NPR Shocked as Brother Says El Paso Shooting Victim ‘Was Very Supportive of Trump’

A Trump supporter holds a sign outside the makeshift memorial to the victims of the WalMar

Andre Anchondo died in the shooting attack in Walmart last weekend shielding his wife, Jordan, and their infant son Paul. National Public Radio (NPR) sent David Greene to El Paso, Texas, where the taxpayer-funded media outlet reported on Trump’s critics, including a Democrat lawmaker.

But Tito Anchondo, Andre’s brother, didn’t drive the narrative NPR and other media outlets are peddling that Trump caused the massacres in El Paso and Dayton, Ohio, for speaking out against illegal immigration and cities like Baltimore where residents are dealing with rodent infestation and violent crime.

“As President Trump headed to El Paso on Wednesday and the grieving communities held vigils to mourn the dead, Andre’s older brother and father were back at work in the family’s auto shop, figuring out how to press on,” NPR reported.

On Wednesday, NPR teased the feature on Tito Anchondo that was published on Thursday.

“And I got to say, Rachel, his presence here in El Paso is controversial,” Greene said to Morning Edition host Rachel Martin. “There are some in the city who just don’t think Trump should come, and that includes Democratic Congresswoman Veronica Escobar, who represents this area. She was speaking to MSNBC.”

NPR then played a sound byte from Escobar claiming that Trump said Americans should be afraid of Latinos.

But Greene claimed he was reluctant to talk politics with people who had lost loved ones.

They interviewed Tito at his father’s auto body shop where they were both working.

“And Rachel, you understand this,” Greene said. “I went into this conversation thinking I wasn’t going to bring up politics with this family at all.”

“It just felt insensitive,” Greene said. “But then Tito, pretty early on, told me that he’s really happy that President Trump is coming here.

“How come?” Martin asked.

“Well, I mean, he said his late brother supported the president,” said Greene, who then called Trump a racist.

“He said he supports the president, but that he’s really grappled a lot with some of the racist things that President Trump has said,” Greene said. “And he’s hoping to get some face time with the president to challenge him on some of that.”

“Though the president has been met by protesters, some of whom think he helped incite the violence in El Paso with his language about immigrants, Tito sees it differently,” NPR reported.

NPR reported:

On Wednesday, President Trump visited El Paso and Dayton, Ohio, to meet with survivors of the weekend massacres. Though the president has been met by protesters, some of whom think he helped incite the violence in El Paso with his language about immigrants, Tito sees it differently.

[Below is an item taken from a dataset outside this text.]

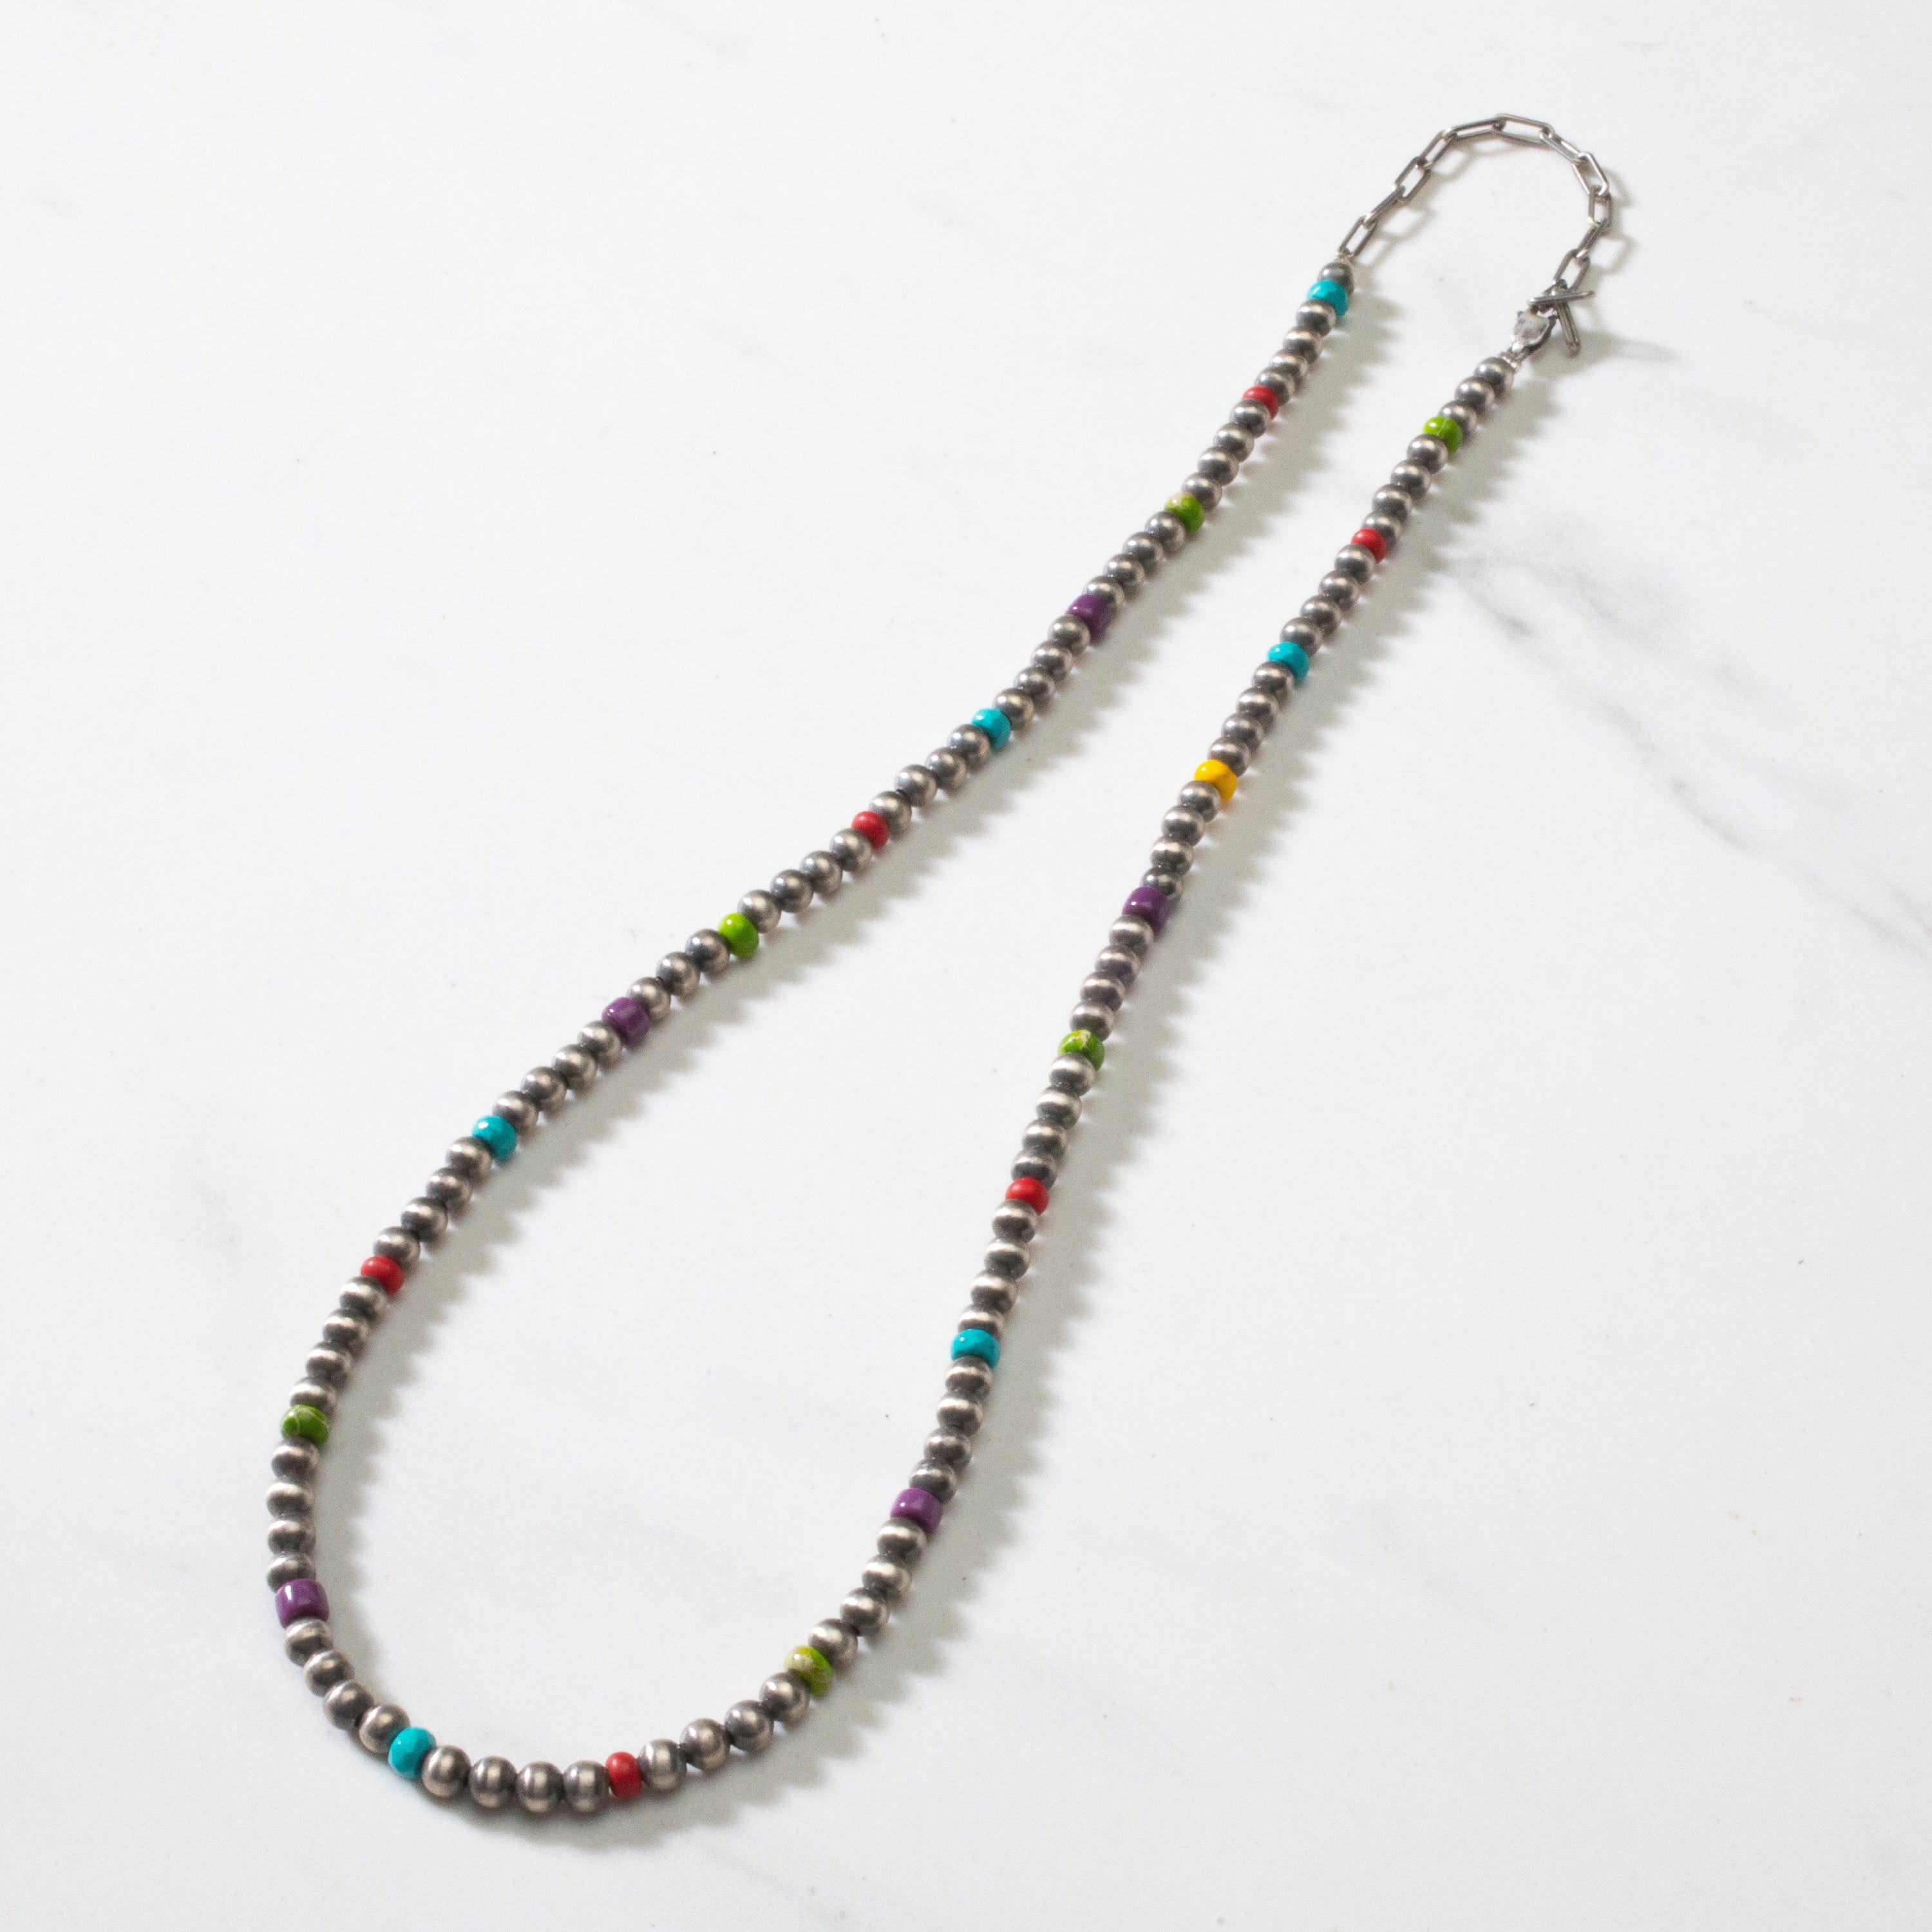 Navajo Ghost Bead and Glass Necklaces - Native American Necklaces

“I can see why people would believe that,” Tito says. “And yes, maybe he said things in bad taste. But I think people are misconstruing President Trump’s ideas.”

Tito Anchondo says his family has always been Republican conservatives. “My brother was very supportive of Trump,” he said, adding that he would like to sit down with the president and tell him about their pain.

“I want to see his reaction in person,” Tito said in the NPR report. “I want to see if he’s genuine and see if my political views are right or wrong. And see if he feels maybe some kind of remorse for statements that he’s made.”

“I just want to have a human-to-human talk with him and see how he feels,” Tito said.